__SUPPLIED INFORMATION__:
###
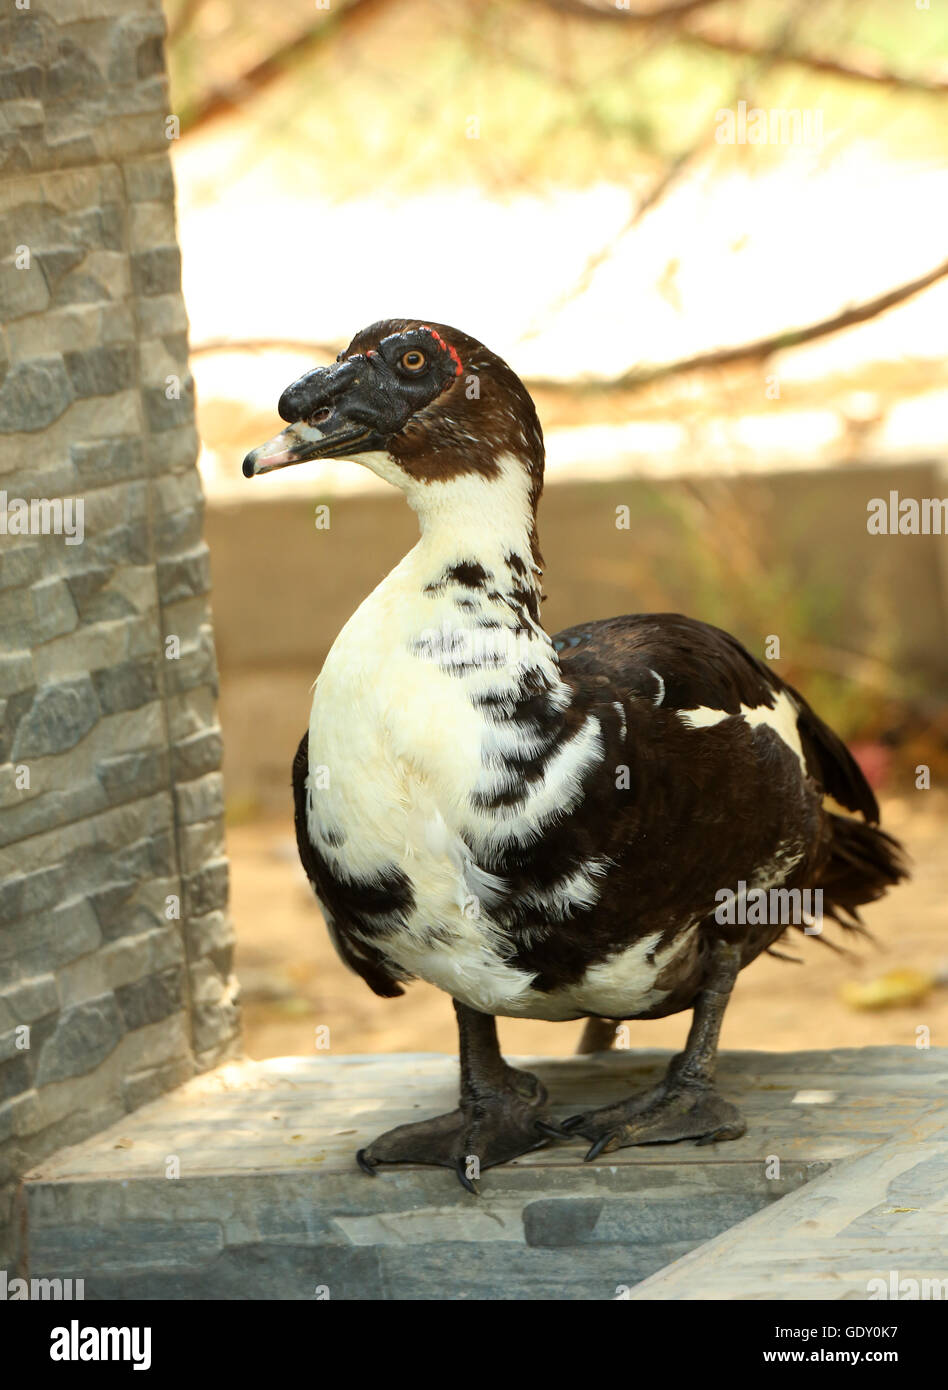 Muscovy ducks are increasingly popular pets for families. Stock Photo
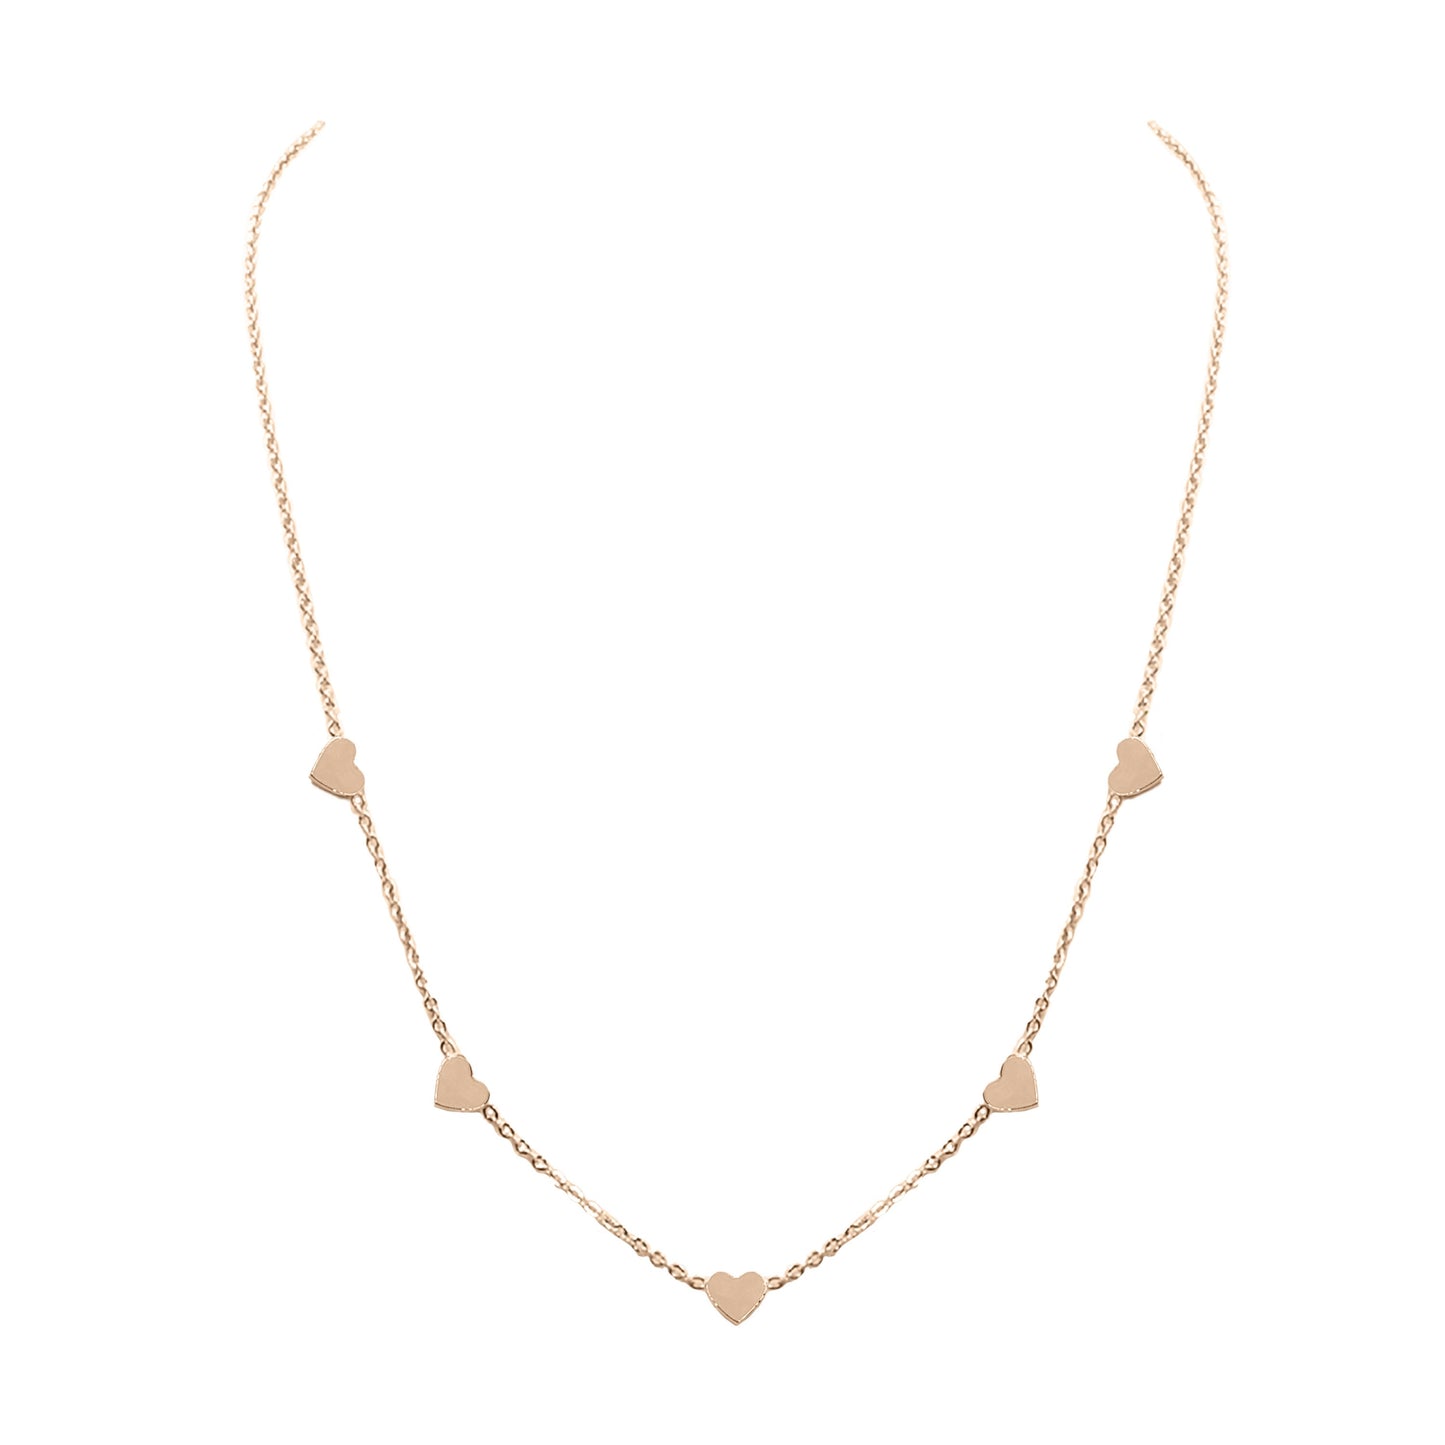 Kinsley Armelle Love Collection- Rose Gold Heart Charm Necklace
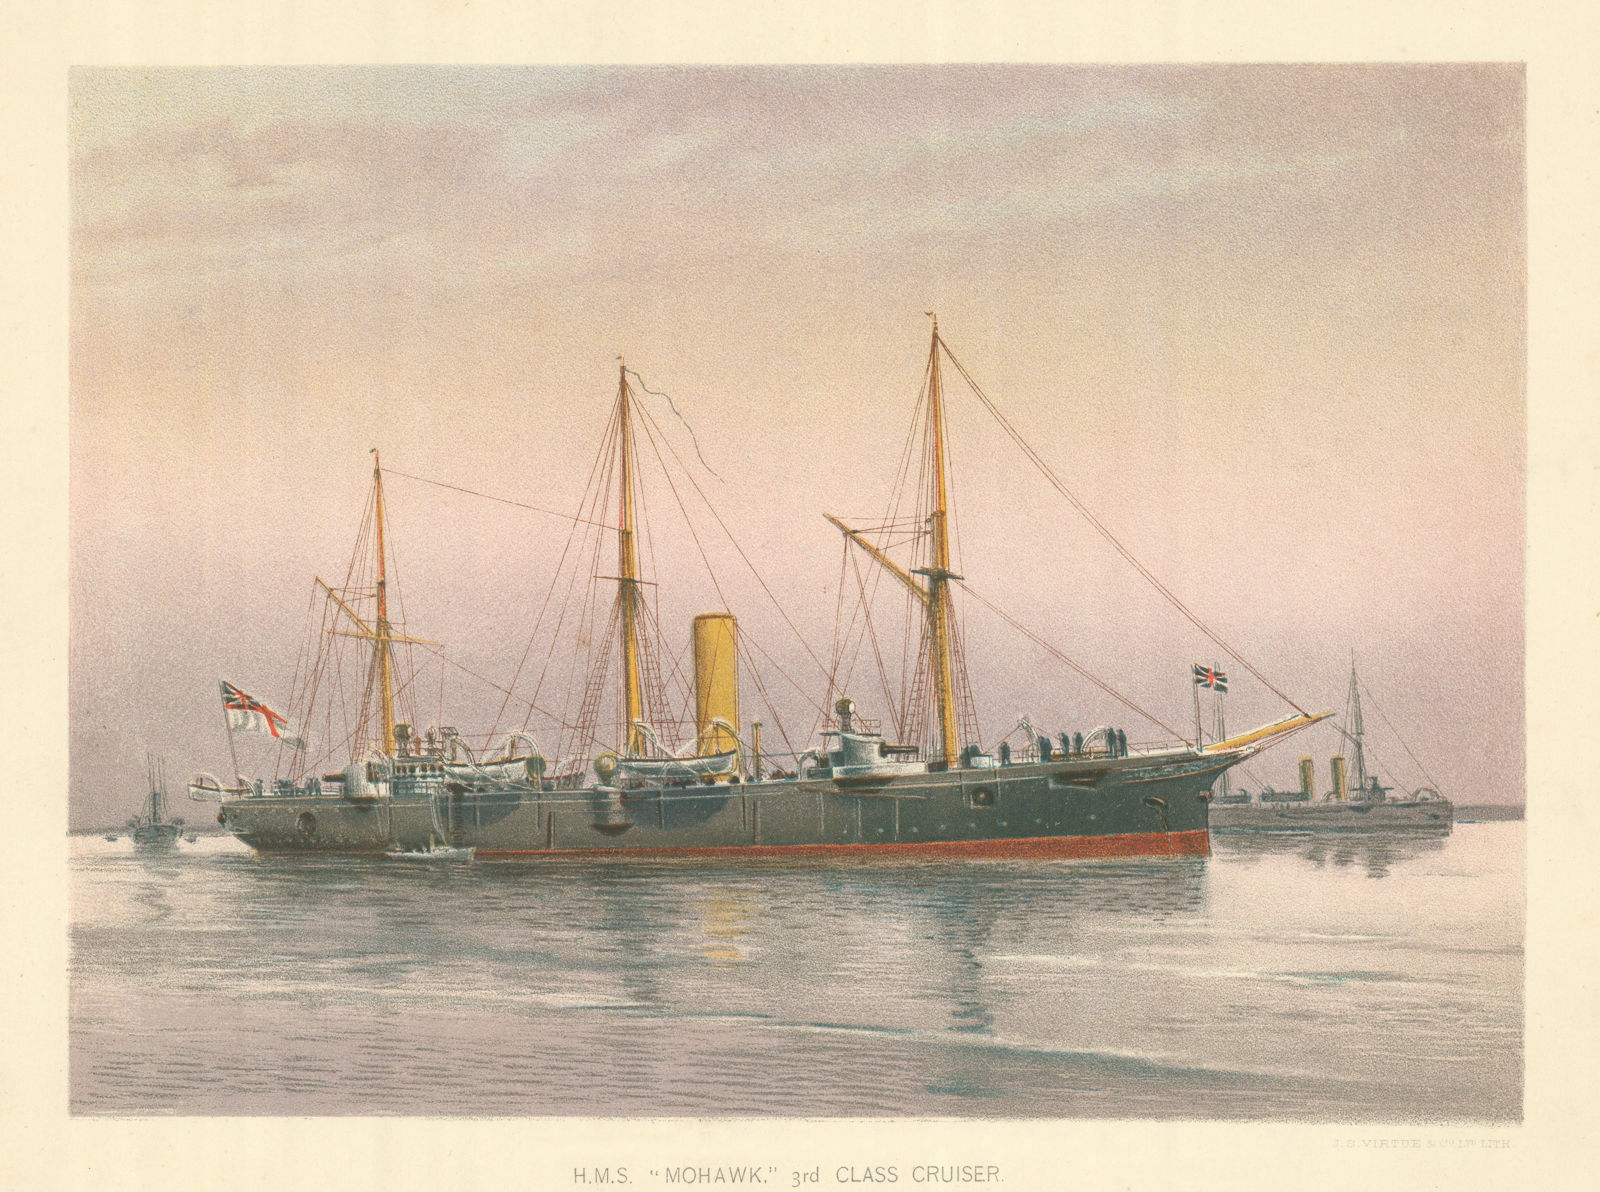 Associate Product H.M.S. "Mohawk" - 3rd class cruiser (1886) by W.F. Mitchell. Royal Navy 1893
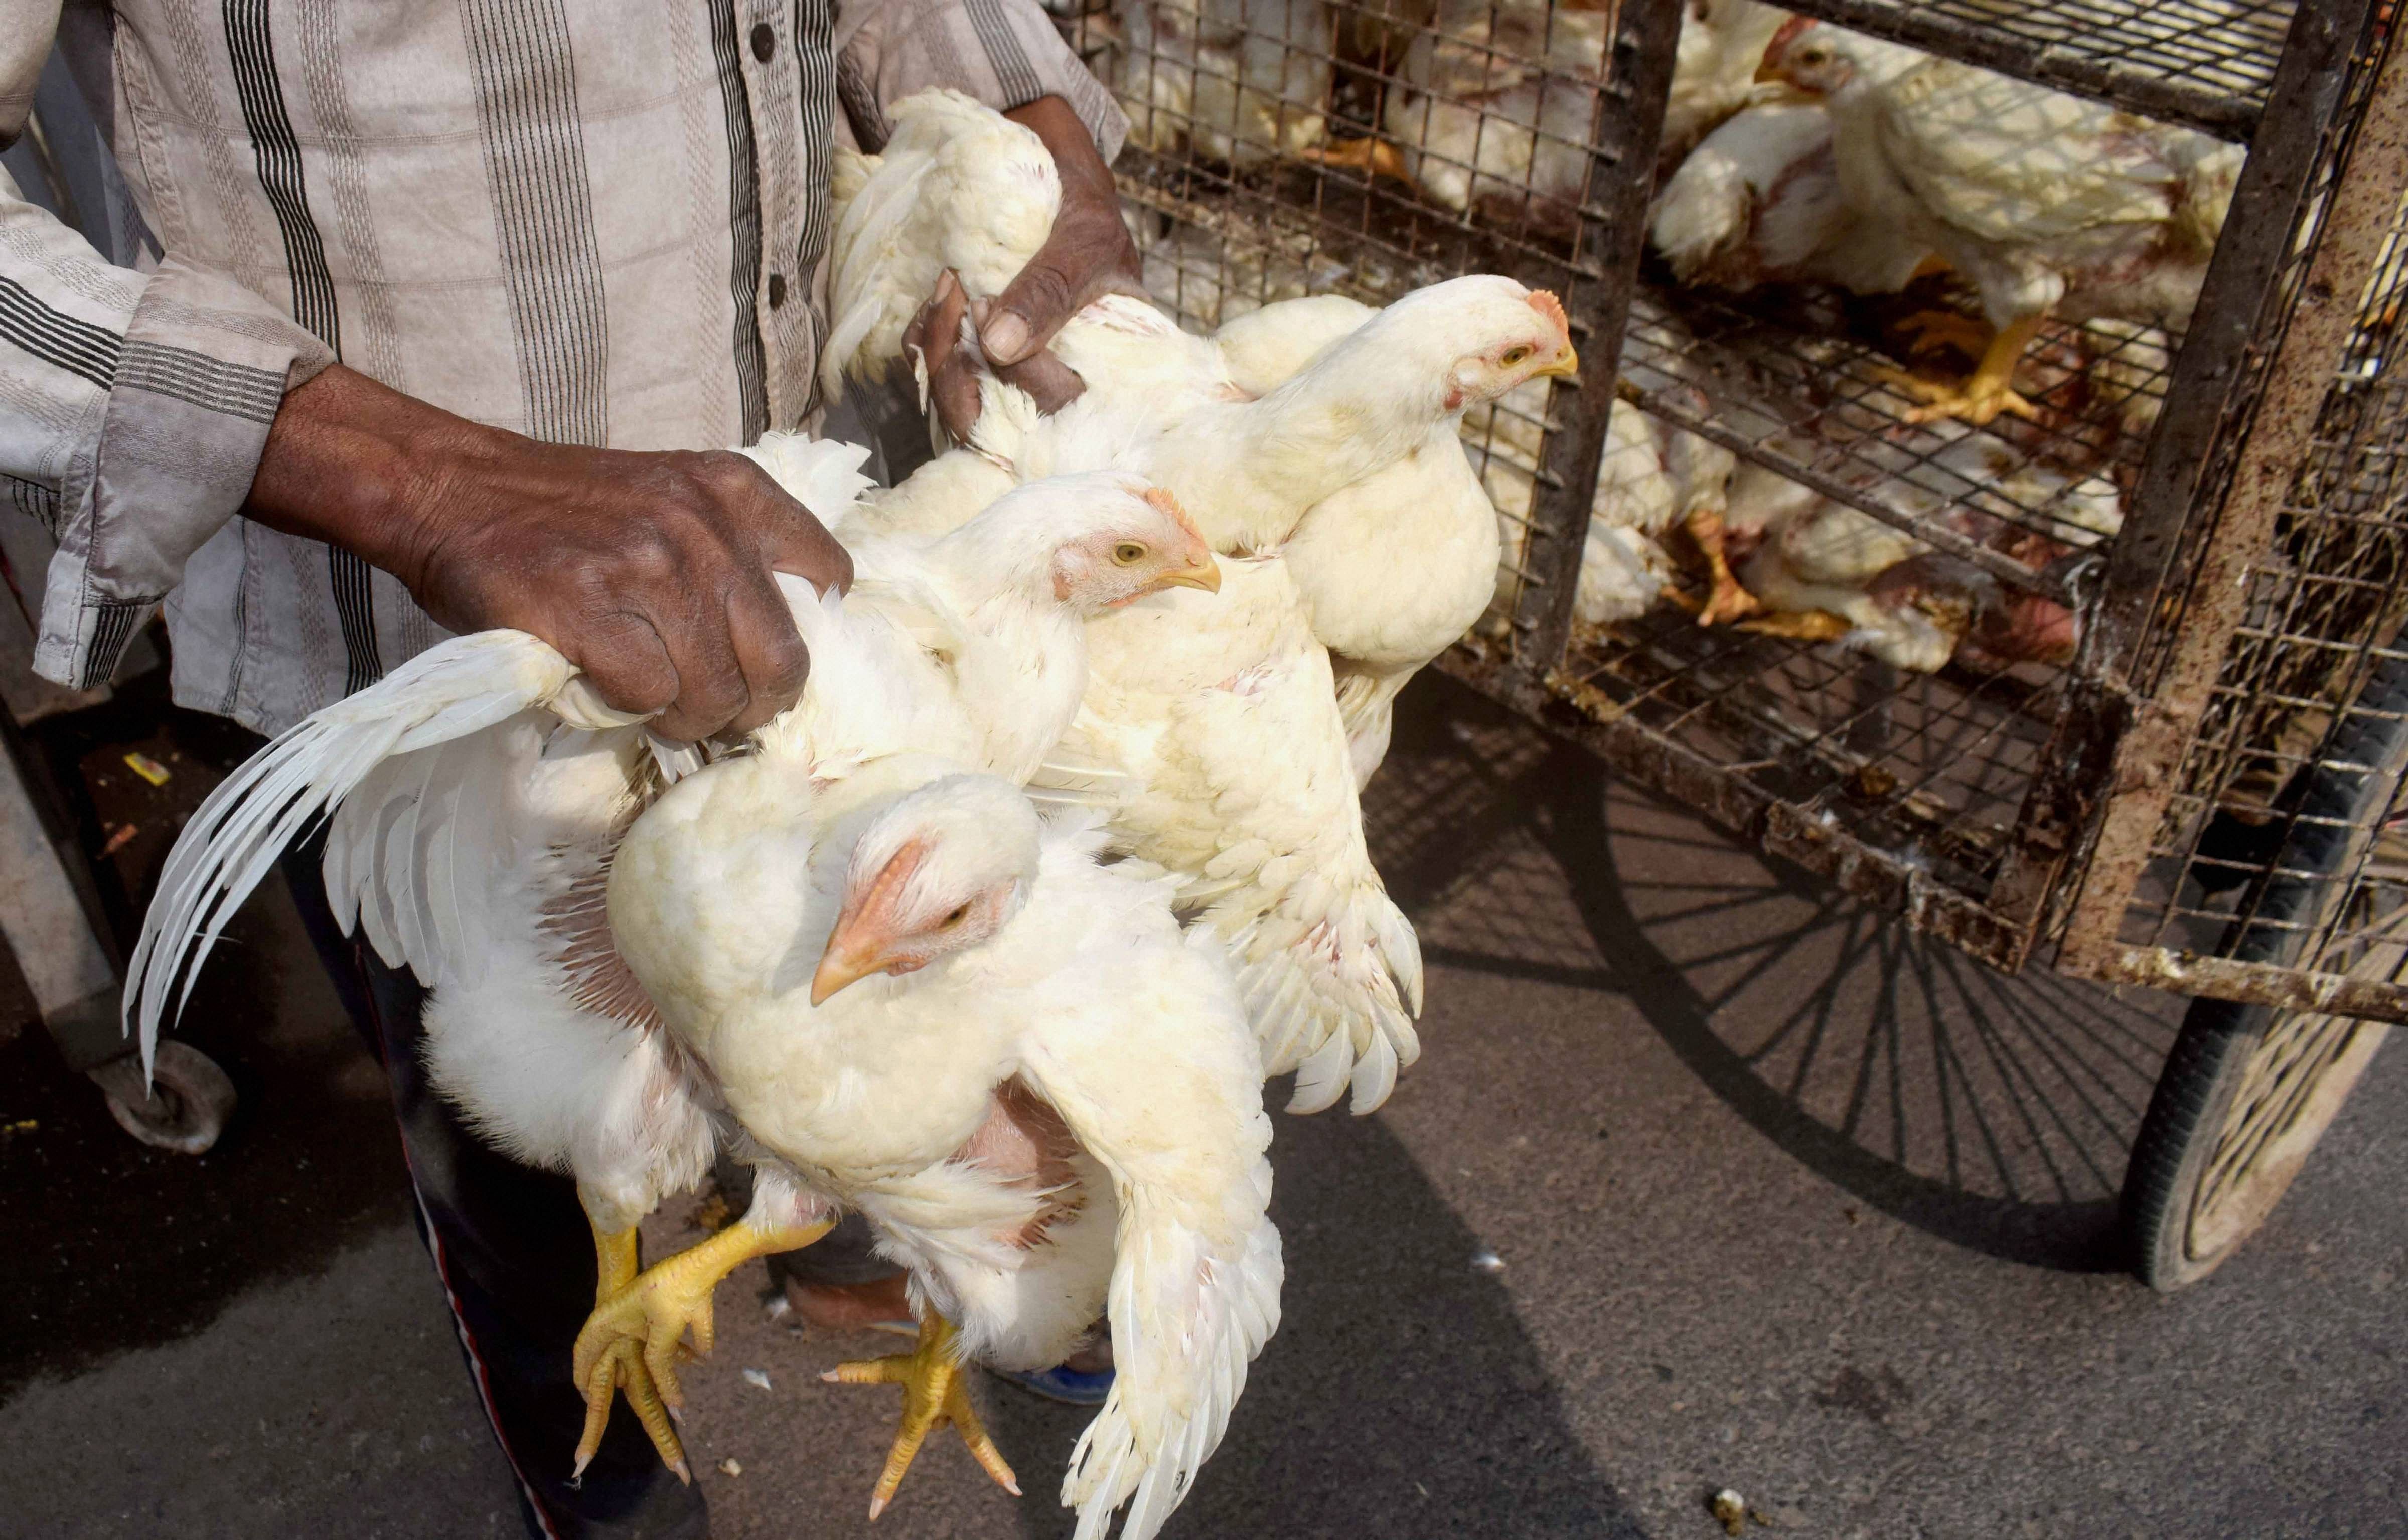 A vendor carries chickens at a livestock market in Prayagraj, Friday, Jan. 8, 2021. An alert has been sounded in several states following the detection of bird flu cases in four states of India. Credit: PTI Photo
###
__YOUR ASSIGNMENT__:
Only the lines from the line holding "Kinsley Armelle Love" through the last line above belong in the answer, repeated exactly; the pictures do not.

__ANSWER BOX__:
 Kinsley Armelle Love Collection- Rose Gold Heart Charm Necklace
 Associate Product H.M.S. "Mohawk" - 3rd class cruiser (1886) by W.F. Mitchell. Royal Navy 1893
 A vendor carries chickens at a livestock market in Prayagraj, Friday, Jan. 8, 2021. An alert has been sounded in several states following the detection of bird flu cases in four states of India. Credit: PTI Photo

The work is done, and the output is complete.